The Normal Human Lifestyle
It is obvious that the normal human has a huge time commitment in just being normal. But everyone is afforded the same twenty four hours in the day. Whether we are normal humans, the Queen of England, or the President of the United States, we all get the same amount of time to work with. We have to be smart in how we manage our time and really concentrate on our priorities so we can schedule the things we need to get done.
Feeding ourselves, taking care of the kids, and going to work are high priority items. Meal prepping, working out, and sleeping eight hours should also be high on the priorities list. Helping the kids with homework, personal development, and building a side business are also things that we need to set aside time for. Watching television and browsing social media should be saved for when all the higher priority items have been taken care of.
The normal human lifestyle is not easy and requires discipline. It requires living with purpose and intent. Planning the day and executing the plan. It requires knowing what you want, what you want to accomplish that day, and sticking with the plan no matter how tired, worn out, or discouraged we may be. If you’re tired, you know you are doing something right. Life wants us to be comfortable, addicted to pleasure and instant gratification. But the normal human canchoose tokeep the end in mind; to take the path less traveled or even create our own.
Normal Human Fitness
The importance of normal human fitness puts it in a category by itself. Fitness gives us strength, energy, confidence, ability, and most importantly, health and longevity. The key to achieving and improving fitness is consistency. In order for something to be consistent, it must be a part of our lifestyle; part of our daily routine. The normal human can join a traditional gym, or workout at home. We should have a diversified fitness plan. This plan should include cardiovascular training which includes walking, running, biking, swimming, rowing, or jumping rope. It should also include resistance training with multi-joint exercises such as squatting, bench pressing, dead lifting, and shoulder pressing. This should be done with a mix of barbell and dumbbell exercises. And a mix of low and high repetitions. One or two rest days, or low intensity days, should be programmed into the plan. But a walking and stretching plan should be maintained on a daily basis.

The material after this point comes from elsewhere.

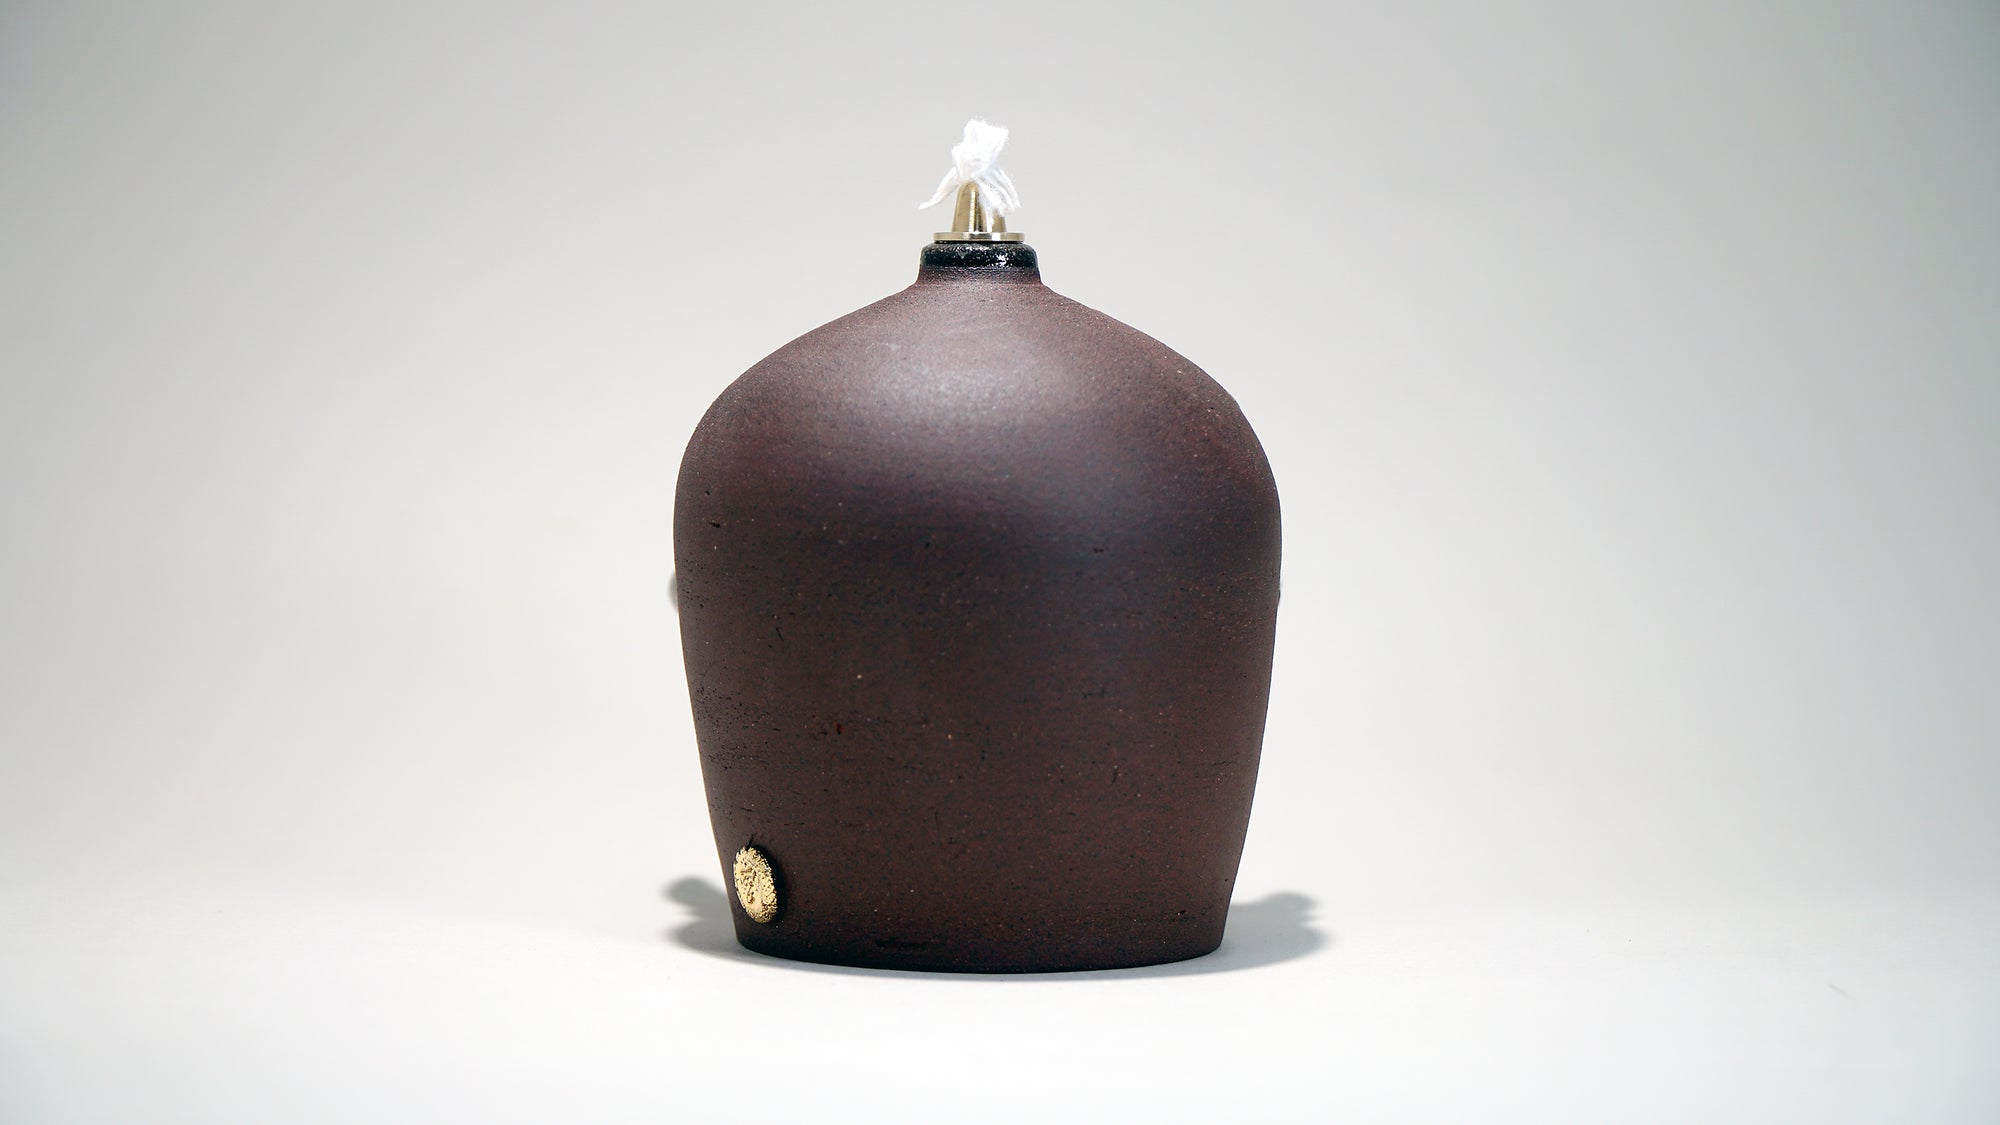 Dogabi Oil Lamp #573 - "Ruthie" - Space Camp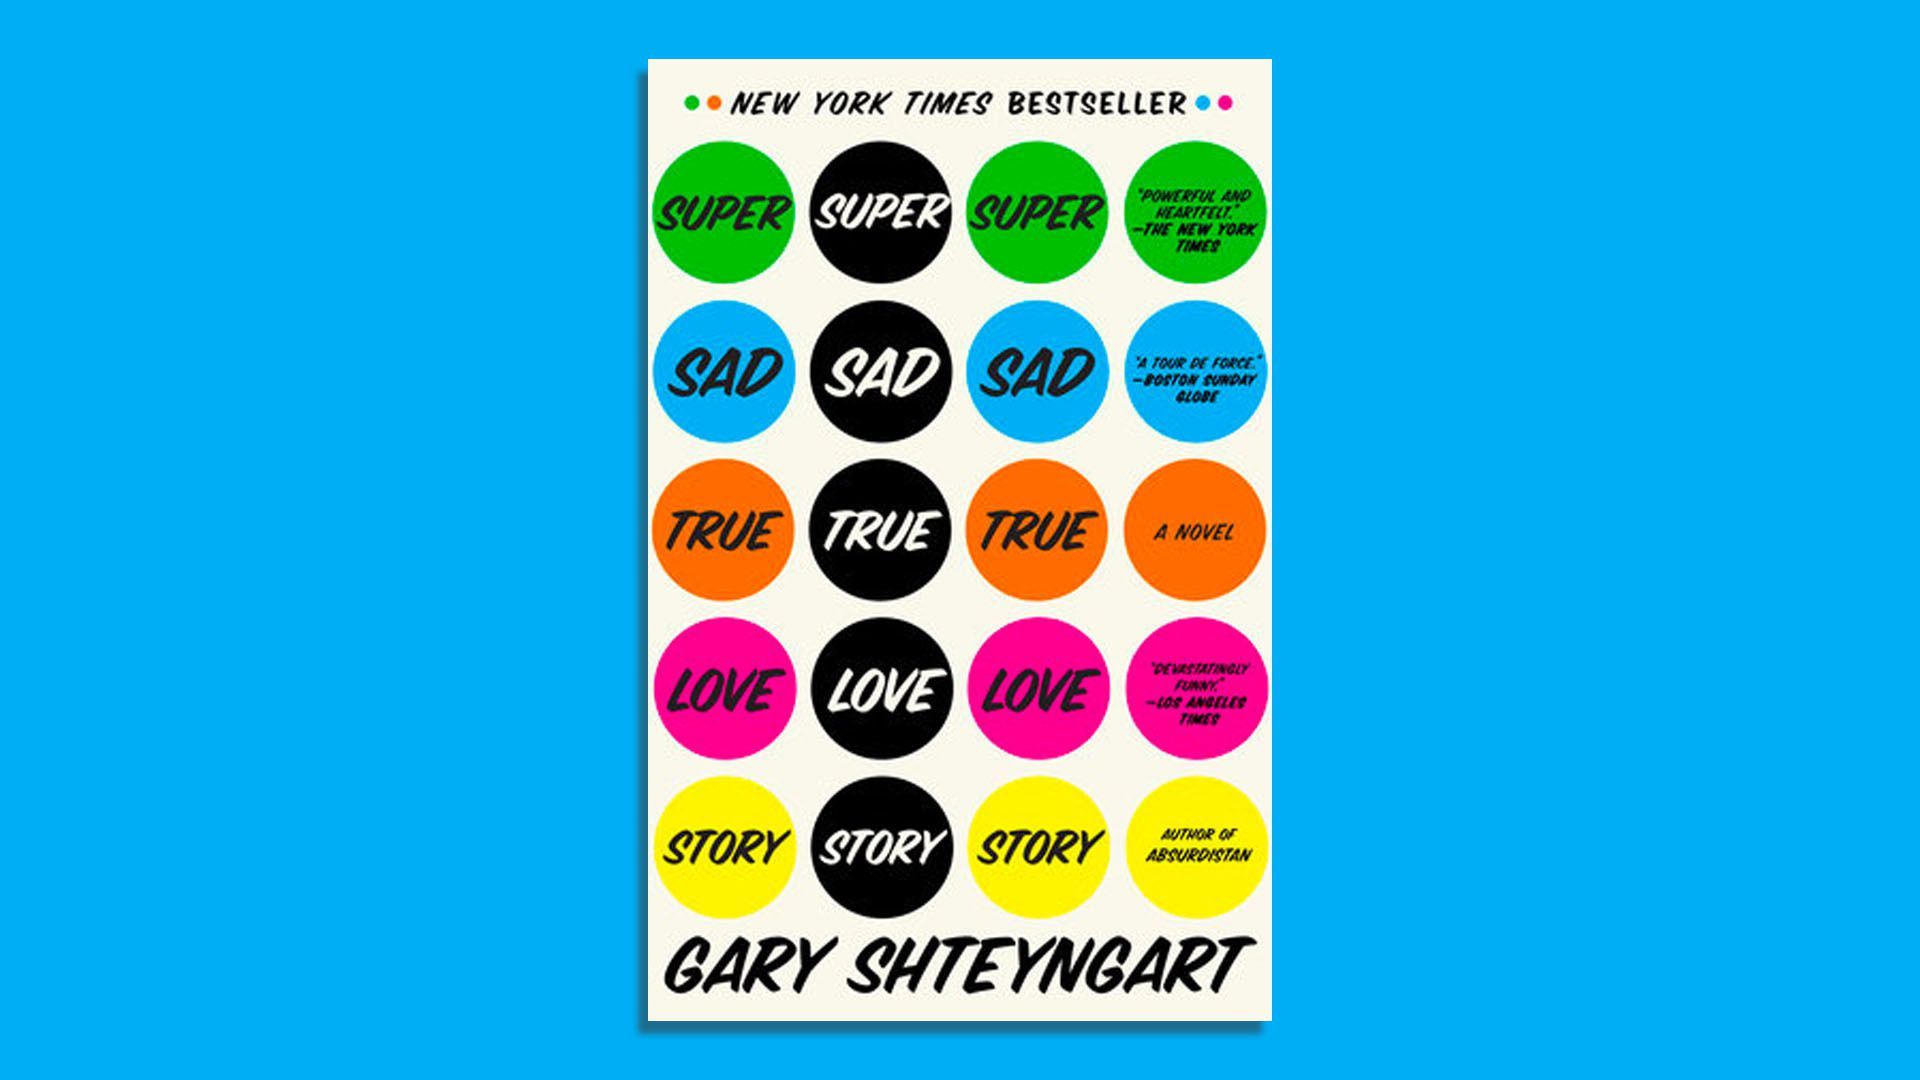 The cover of Gary Shteyngart's  "Super Sad Love Story"

The normal human also sets fitness related goals. Goals such as signing up and training for a 5K run/walk or mud run. Other goals can be losing inches off your waist, or increasing your bench press weight. Regardless of what it is, a fitness goal will give you something positive to strive for. Something you can measure, track, and experience results from. This will help you to find a deeper appreciation for your fitness journey and healthy lifestyle.
At the End of the Day
At the end of the day, we are normal humans with many responsibilities. The way we prioritize and plan for these responsibilities can set us up for success or failure. We must choose to either be uncomfortable, beginning with the end in mind, or comfortable pleasure seekers taking the easy road that always leads to defeat. It is a simple process of deciding what we want, placing that in our heart, and adopting the mindset of achieving it. Whatever it takes.